In her London speech, Hamburg noted that some people questioned whether the FDA’s actions in India were part of an effort to “target” Indian companies. She also said that some Indian companies said they were challenged by the agency’s increased inspection activities.
Hamburg said all of the agency’s inspections were part of the FDA’s usual regulatory framework and every company providing drugs for the United States must ensure their quality and safety.
“For any company who sells their product in the U.S., we inspect and take appropriate actions, measured against our regulatory standards and requirements,” she said.
Another major challenge the FDA is working to confront is the problem of counterfeit drugs entering the legitimate drug supply chain. Counterfeit drugs can contain too much or too little of an active ingredient, contain no active ingredient at all, cab be contaminated or include undeclared substances.
At a recent House Energy and Commerce Subcommittee on Health hearing, officials from the FDA and the Department of Homeland Security testified that illegal drug supply chains are expanding quickly and often stretch through multiple countries.
Howard Sklamberg, FDA’s deputy commissioner for global regulatory operations and policy, said prosecuting counterfeiters is becoming more difficult as drug supply chains become bigger and more international — and as counterfeiters make more use of the Internet.
“They’re smart, they’re careful and what they’re doing is evil,” Sklamberg said.
The officials also said the penalties for counterfeiting drugs have not been updated since they were enacted in 1938.
Along with increasing penalties, there also needs to be an increased effort to educate the public about counterfeiting drugs, the officials said. At the hearing, Crosse said that people are now using the Internet to try to find cheap prices for their medications.
The FDA has found that nearly 1 in 4 Americans who shop online have purchased prescription drugs from Internet pharmacies. In 2013, the FDA took agency against 1,677 rogue pharmacy websites as part of a global enforcement initiative.

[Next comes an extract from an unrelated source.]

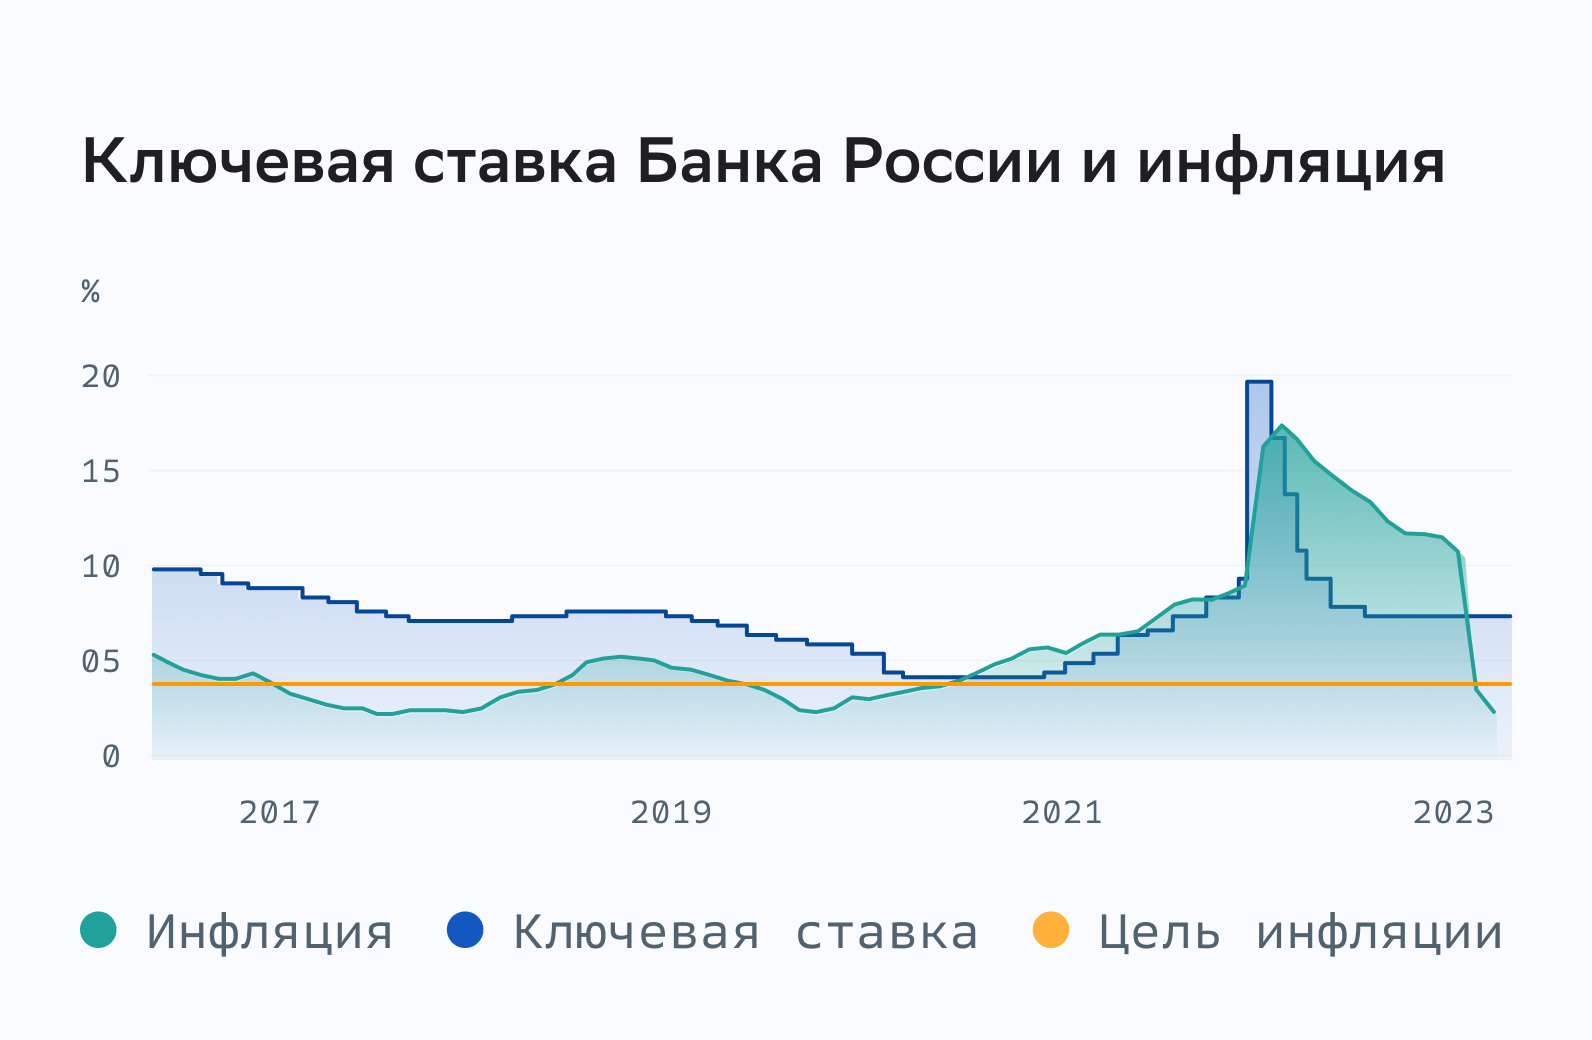 Ключевая ставка Банка России и инфляция.jpg
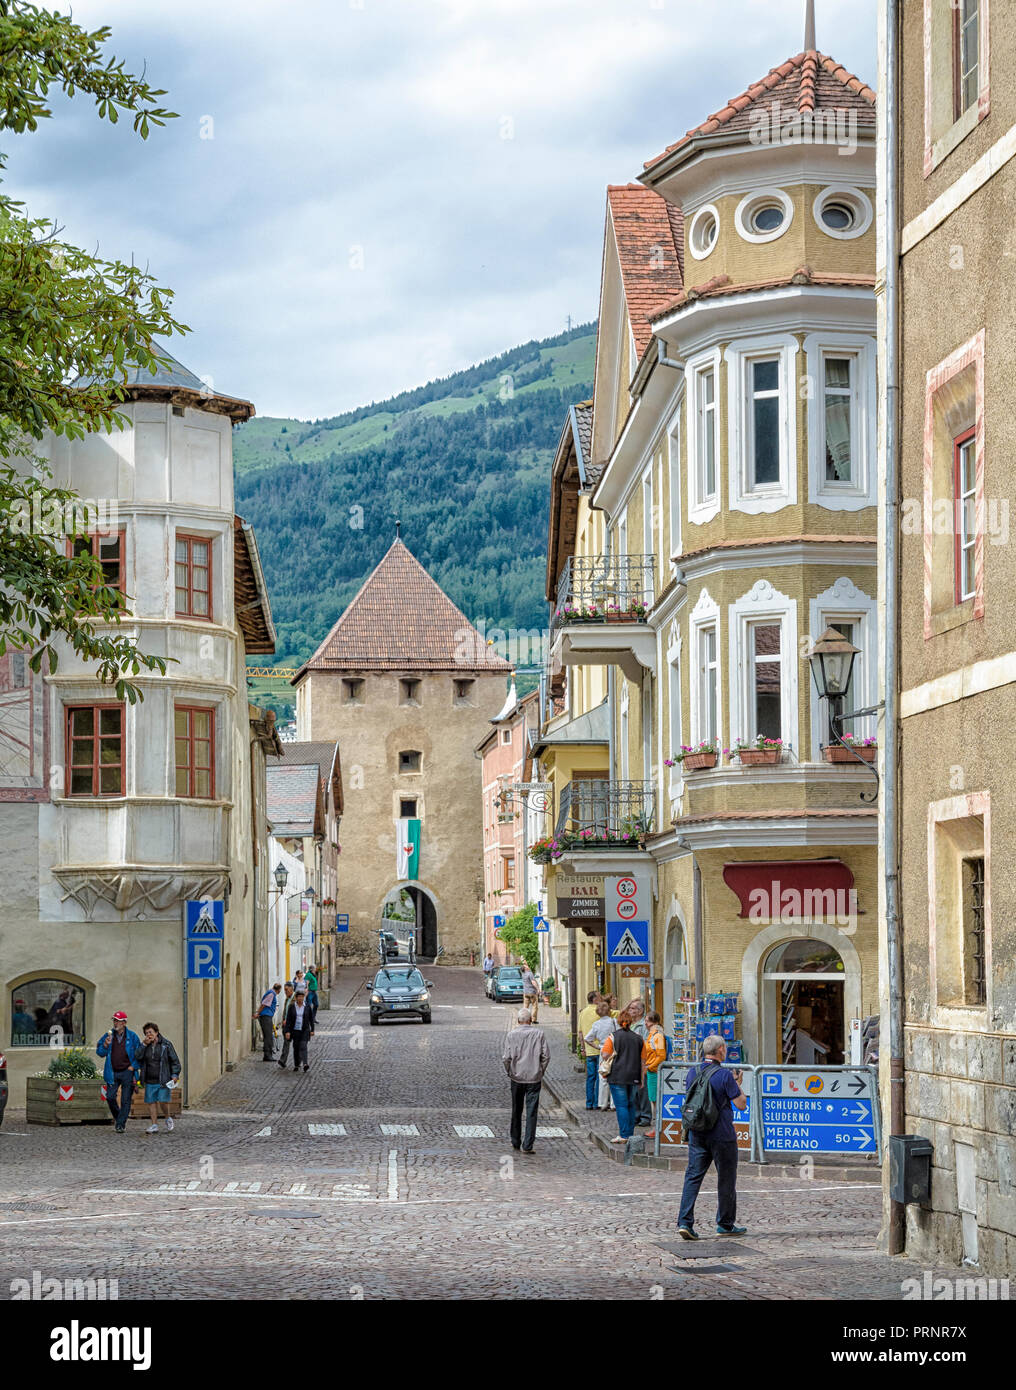 La storica città di Glorenza/Glorenza nel sud di Malles/Malles è una delle più piccole città in tutto il mondo. Trentino Alto Adige - Italia Foto Stock

The National Association of Chain Drug Stores has urged the FDA and lawmakers to provide an Internet site where consumers and medical providers can check to see whether a website selling medications is legitimate.
The 2012 user fee reauthorization law also included provisions to improve the security of the supply chain, creating an interoperable “track and trace” system to follow drugs as they move from manufacturer to distributor.
The law also requires foreign and domestic companies to provide complete information on threats to the supply chain, as well as improving information on registered facilities.
Ellyn Ferguson contributed to this report.